Carlotta laughs a little hysterically. ‘Right? Like I know how to function in the real world. Papà has made sure we are totally unequipped to take care of ourselves.’
I know she’s younger than me, but Carlotta has been out of school for a year. She could have spent time learning about how to navigate life outside the mafia if she’d wanted to. Like I have. No, I haven’t left yet, but I didn’t want to leave my sister until I had to. Or my aunt and uncle. They love me, even if my father doesn’t.
‘I will talk to Aria about convincing Don De Luca to get you cooking classes,’ I offer, hoping that will assuage my sister.
She turns back to me, her face glowing with excitement. ‘You will? There’s a bunch of amazing culinary institutes in the city. I don’t care which one I go to. I mean I have my favorite of course, but attending any of them would be a dream come true.’
‘What’s your favorite?’ I ask, wanting to keep this positive attitude going.
‘Oh, you wouldn’t know it,’ she says vaguely. ‘It doesn’t matter anyway. Like I said, I’d go to any of them. When I graduate, maybe I’ll be able to create new dishes for some of the mafia owned restaurants.’
That sounds like a teenager’s dream, not set in any kind of reality, but I smile anyway. She’ll learn more than cooking techniques if she gets to attend culinary school. She’ll learn the hierarchy in the kitchen.

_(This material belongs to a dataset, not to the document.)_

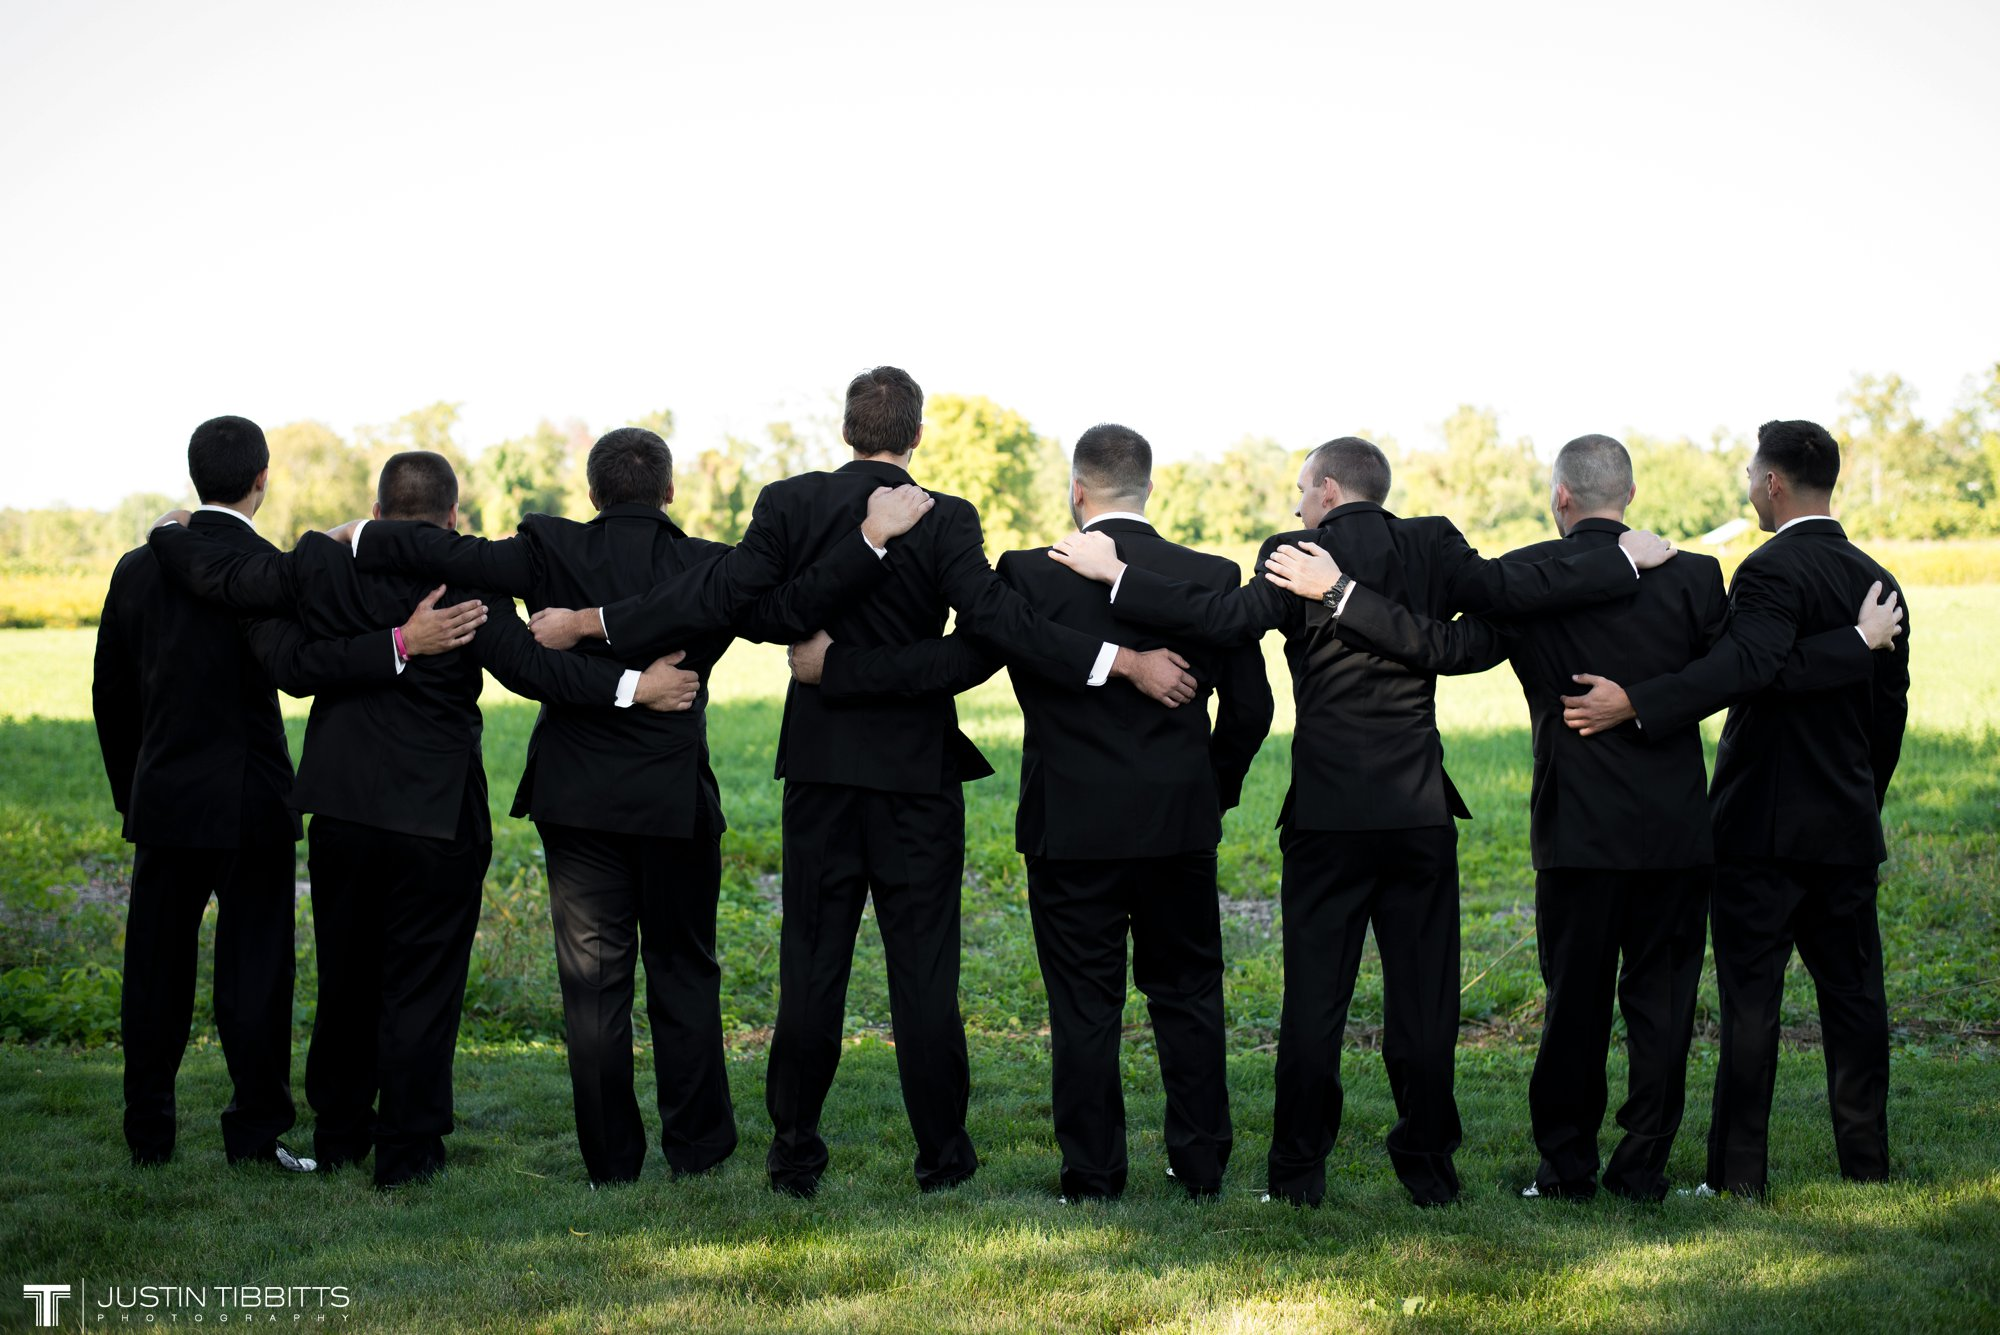 Albany NY Wedding Photographer Justin Tibbitts Photography 2014 Best of Albany NY Weddings-373732
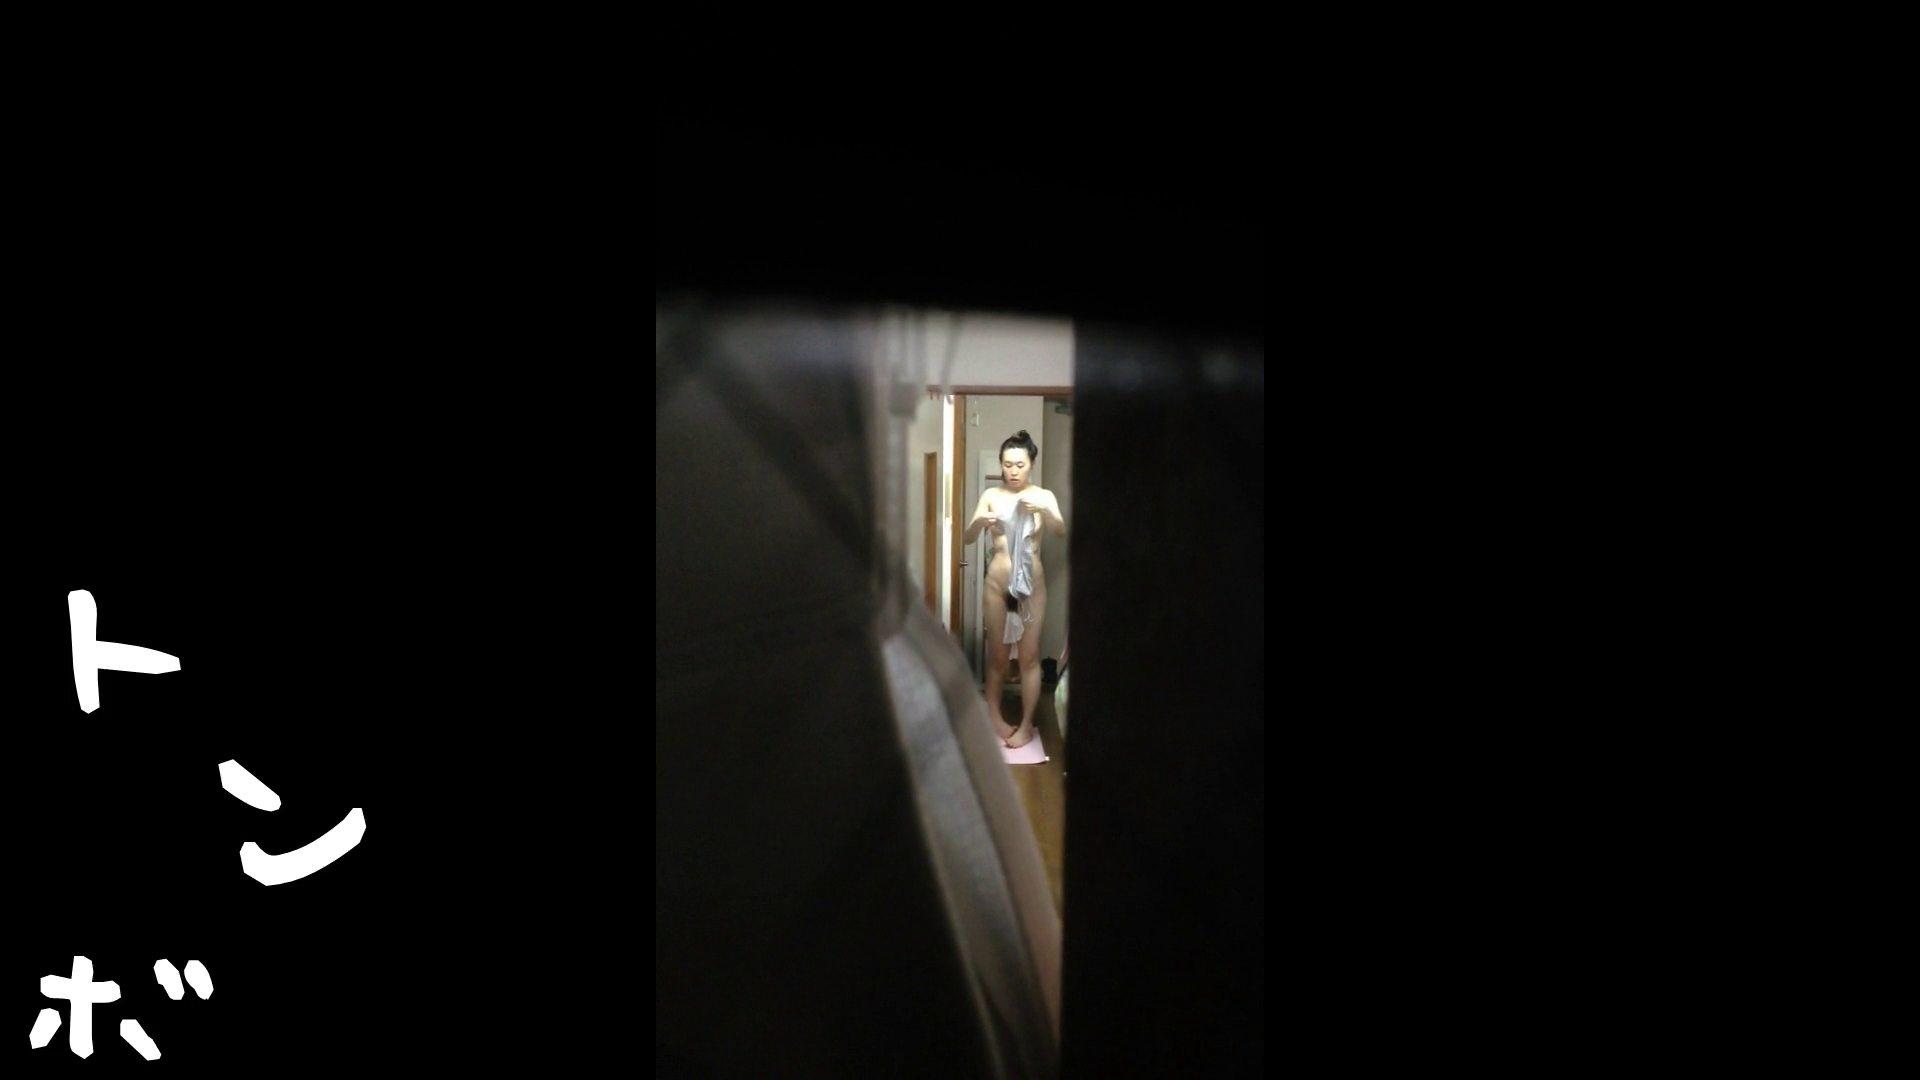 【リアル盗撮】元ジュディマリのYIUKI似 某歌手丸秘ヌード 潜入エロ調査   美女達のヌード  61連発 52

I watch a lot of cooking shows with my sister. From what I’ve seen, I’m pretty sure Carlotta would have to work her way up to creating dishes. It’s not surprising that she hasn’t drawn the same conclusion.
In Carlotta’s world, she can have and do what she wants. Except pick her own husband.
‘I don’t think it will be safe for a don’s wife to work in a kitchen, even in one our restaurants.’
‘Oh, I don’t want to work. Not like full-time, or anything. I want to experiment with food and preparation techniques.’
She’ll be able to do that in her own home. The don can refurbish his kitchen to restaurant standards and I’m sure he won’t mind doing so. I get the feeling that he wants to do whatever he needs to in order to keep my sister occupied and happy.
And out of his hair.
Even though I don’t like thinking of her in that kind of passionless marriage, my worry for her future dissipates a little.
‘If only I knew him better. I don’t think the prospect of marrying him would be so scary.’ Carlotta sighs. ‘Though nothing is going to change that he’s old enough to be my father.’
‘Only if he was a precocious teen.’ The don is sixteen years older than her, not twenty. Stifling the little voice in my head that says the age difference between the don and myself is less daunting, I say, ‘You’ll get to know him before the wedding. Isn’t that what the weekly dinners in his home are for?’
Carlotta has been to one dinner with the De Lucas and was supposed to go with our father again tomorrow. Will that still happen?
Carlotta snorts. ‘He and Papà spent the whole time last week talking business and it will be the same at the next one.’
I want to grind my teeth in frustration. These dinners are for Carlotta to get to know her future husband, and Papà is commandeering them with his usual self-serving attitude, oblivious to anyone else’s needs. Even those of his favorite daughter.
I’ll be talking to Aria about more than Carlotta going to culinary school.